§ **Task to carry out**: Your job with the data below is to output exactly the lines from the one holding "Loctite Stikn Seal" down to the one holding "Charming pair of", both included, and no others.

§ **Recorded information**:
───

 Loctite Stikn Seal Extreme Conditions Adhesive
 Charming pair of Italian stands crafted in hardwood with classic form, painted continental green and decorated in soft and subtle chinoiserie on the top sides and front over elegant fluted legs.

───

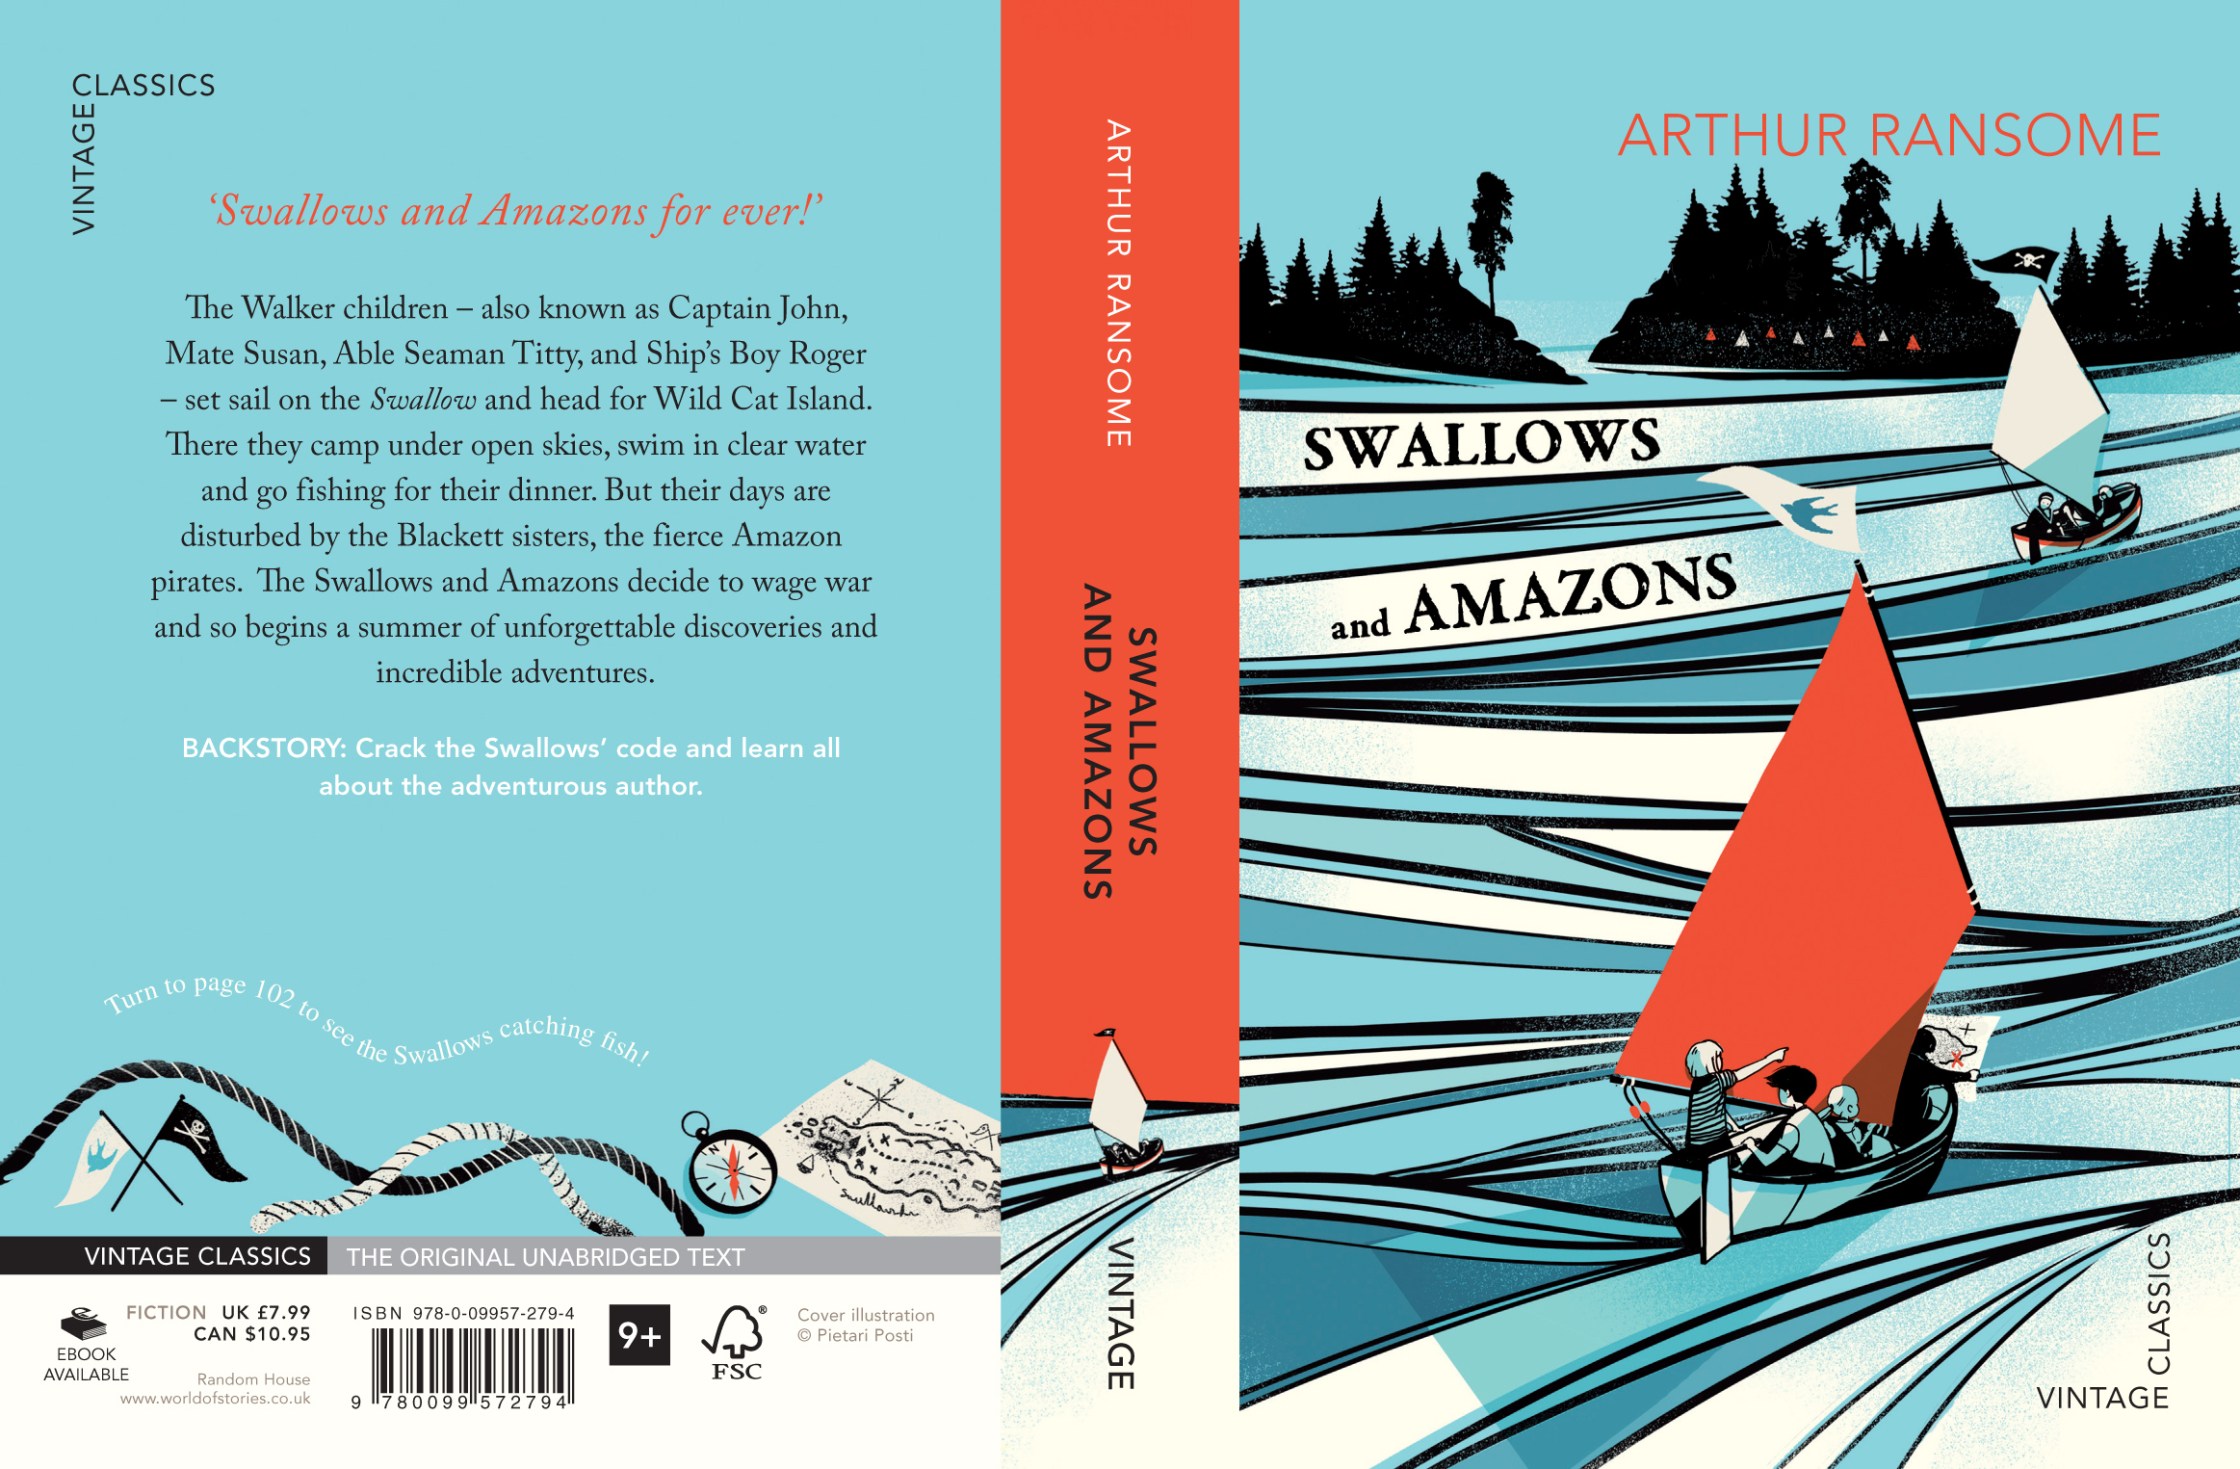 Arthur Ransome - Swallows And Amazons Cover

───

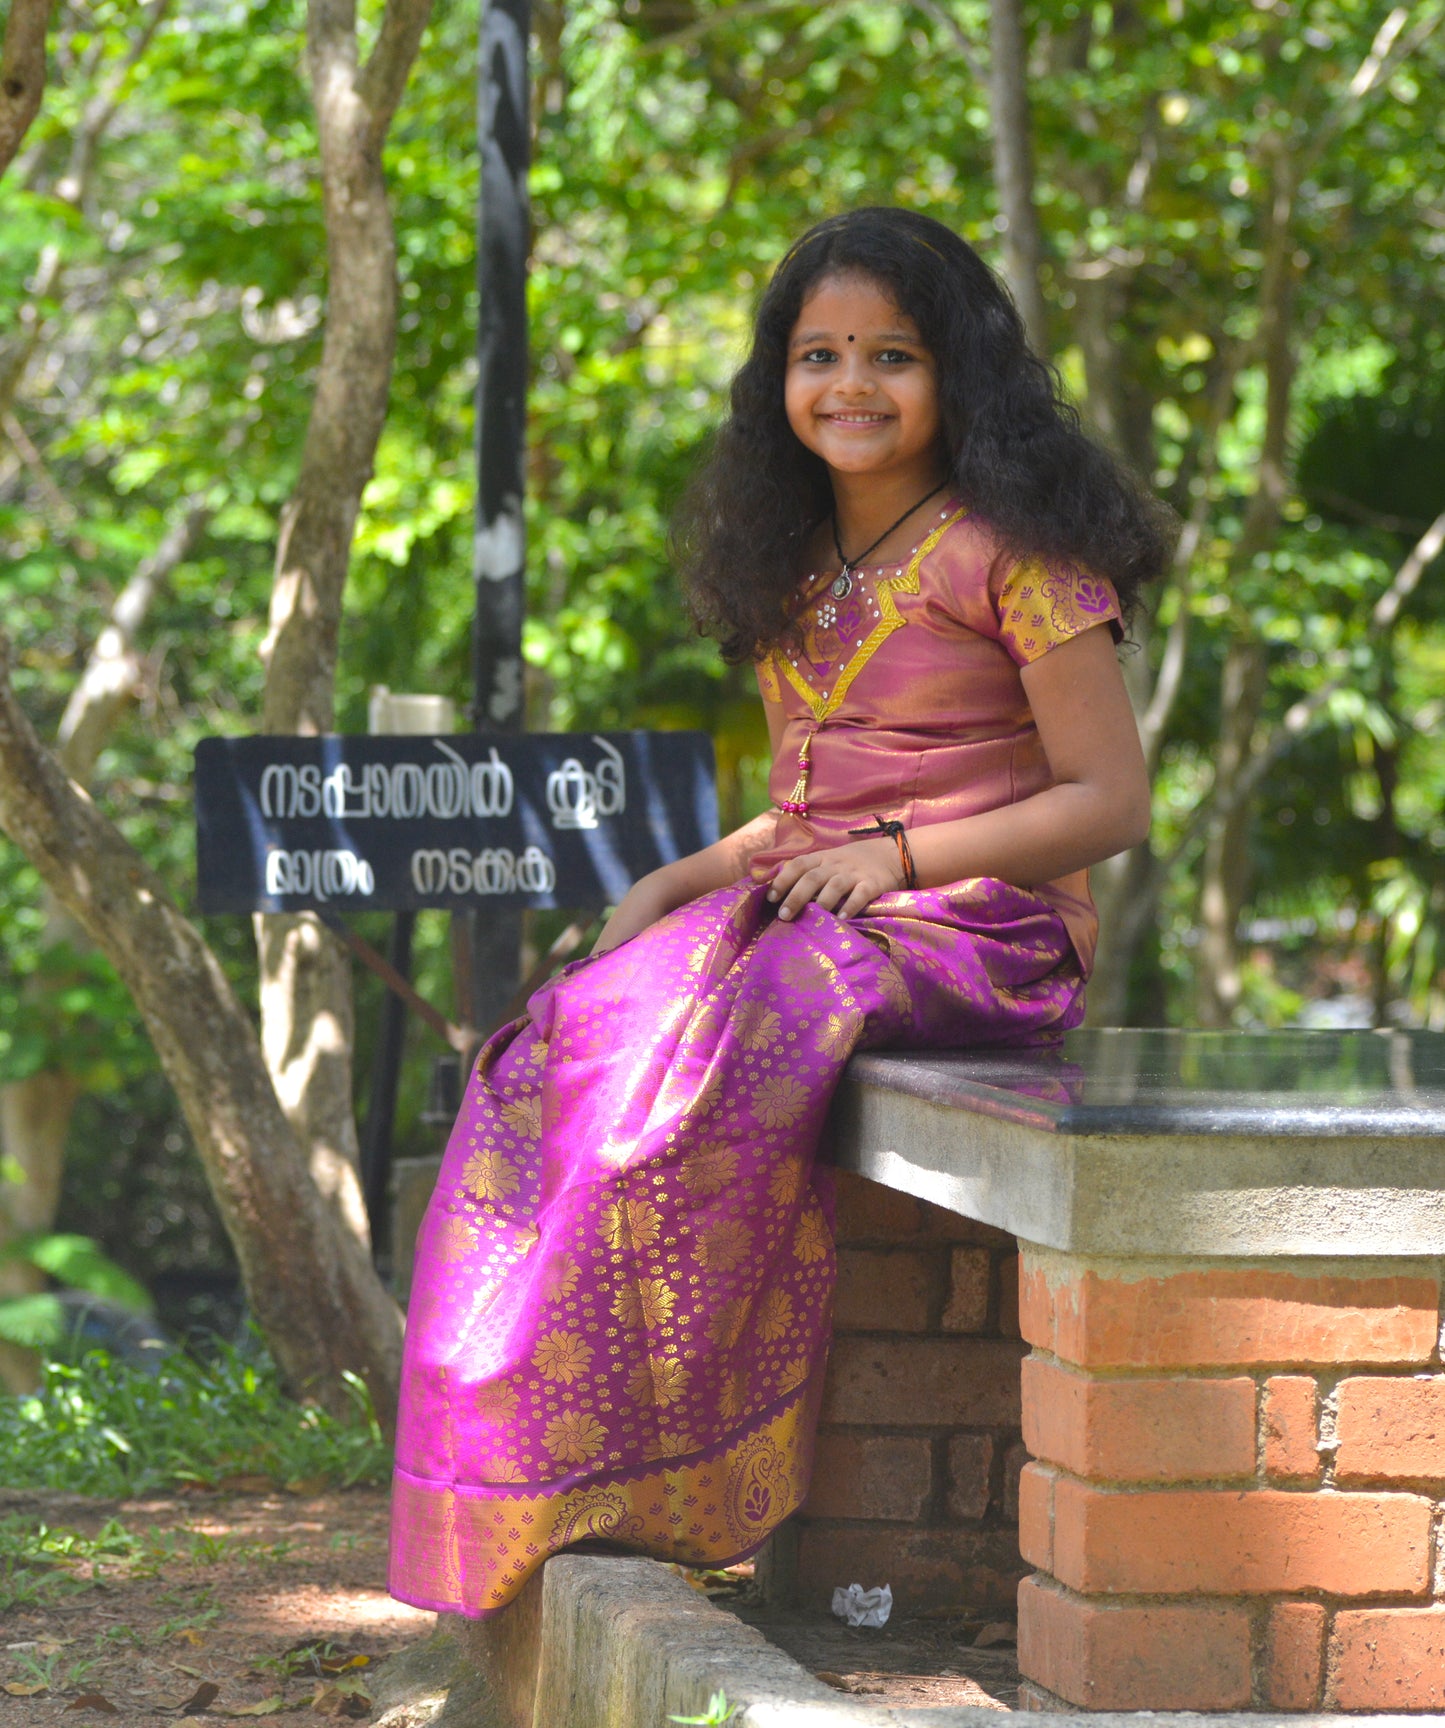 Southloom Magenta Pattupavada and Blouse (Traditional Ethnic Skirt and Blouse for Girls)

───

§ **Response area**:
 Loctite Stikn Seal Extreme Conditions Adhesive
 Charming pair of Italian stands crafted in hardwood with classic form, painted continental green and decorated in soft and subtle chinoiserie on the top sides and front over elegant fluted legs.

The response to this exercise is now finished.